### What to produce
Would you retype the listing below word for word, without any of its pictures?

### Information supplied
○ ○ ○ ○

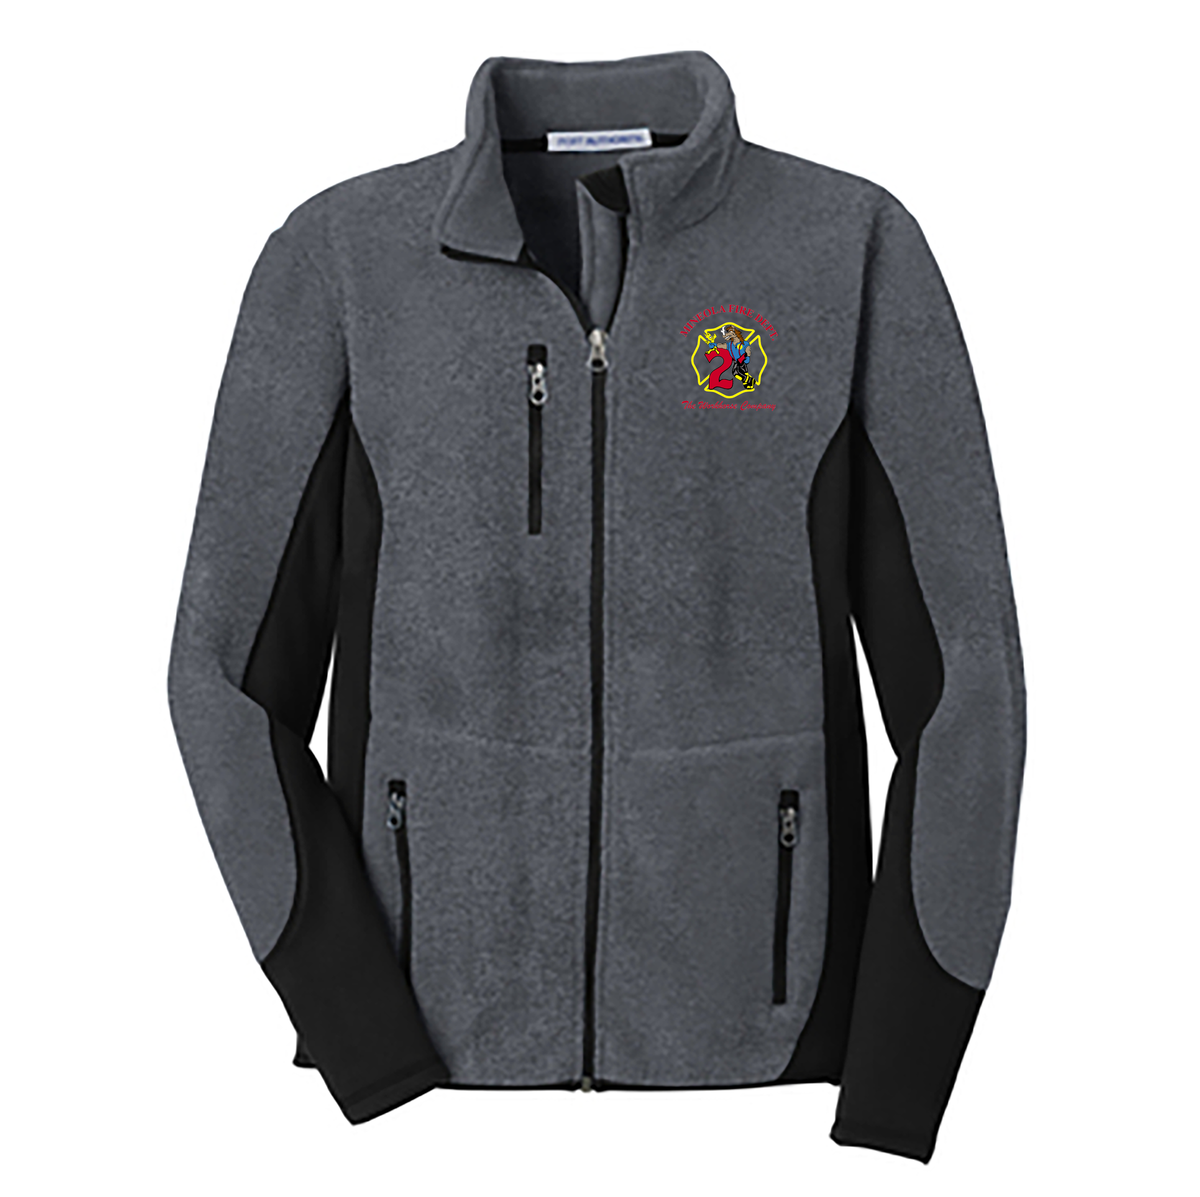 Mineola Fire Dept. R-Tek Pro Fleece Full-Zip Jacket
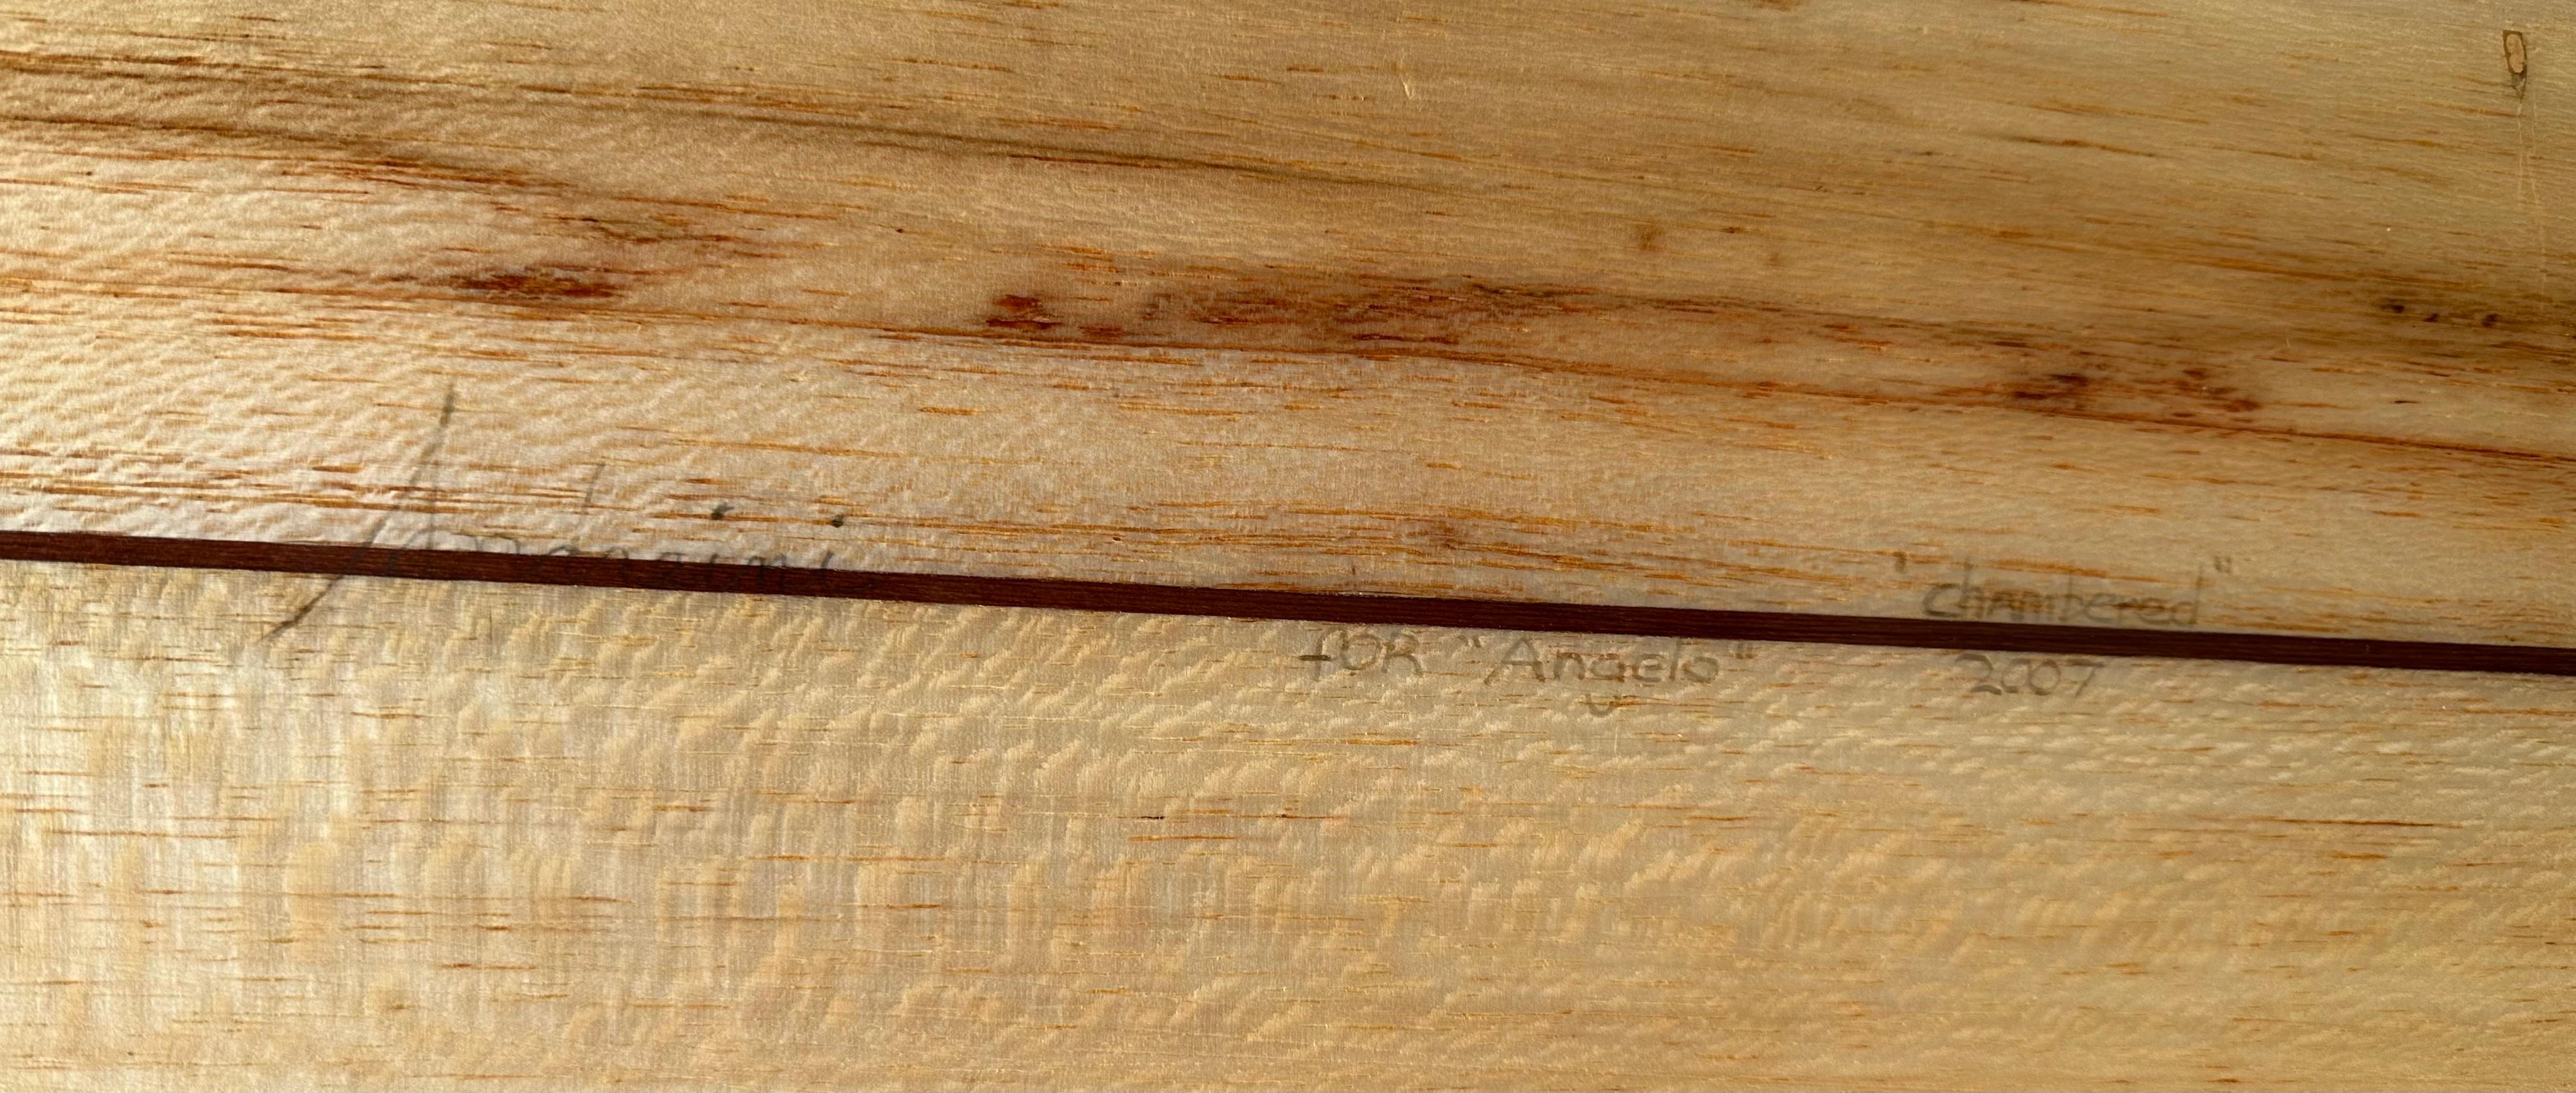 Marc Andreini balsa wooden longboard In Good Condition For Sale In Haleiwa, HI
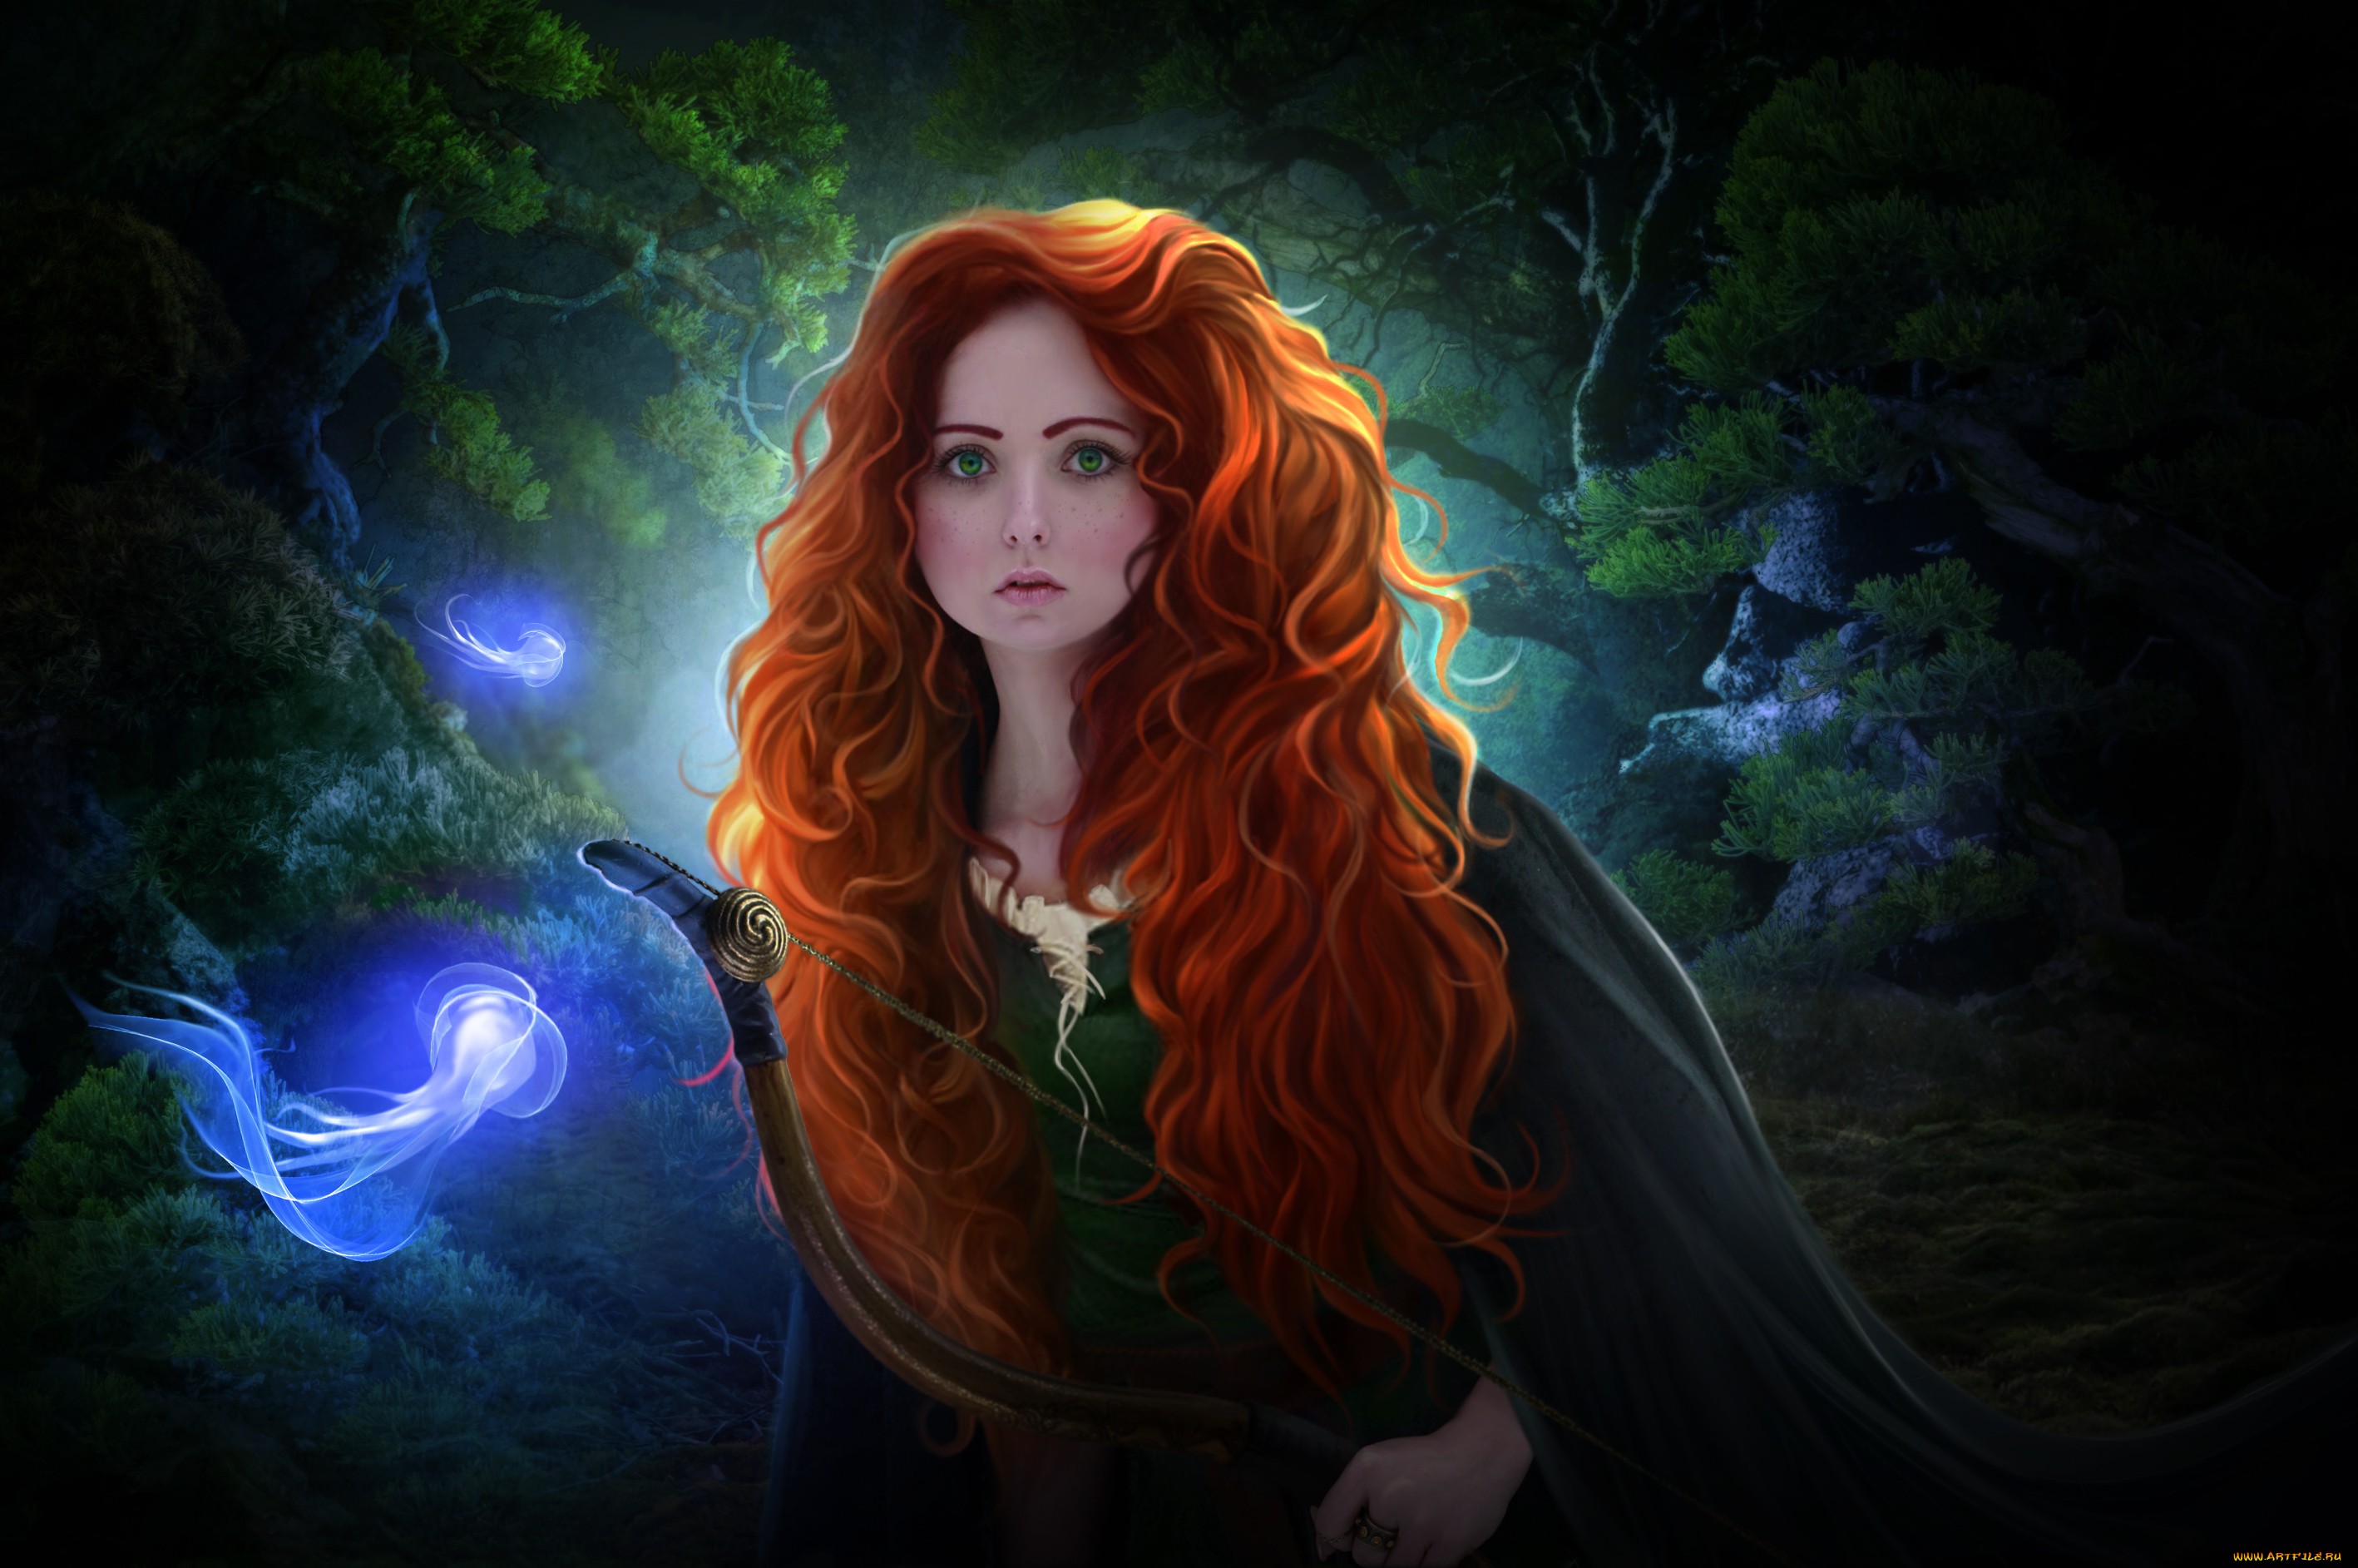 Redhead Fantasy Girl Long Hair Fantasy Art Brave Disney Princess Merida 283...

○ ○ ○ ○

### Task result
 Mineola Fire Dept. R-Tek Pro Fleece Full-Zip Jacket
 Marc Andreini balsa wooden longboard In Good Condition For Sale In Haleiwa, HI
 Redhead Fantasy Girl Long Hair Fantasy Art Brave Disney Princess Merida 283...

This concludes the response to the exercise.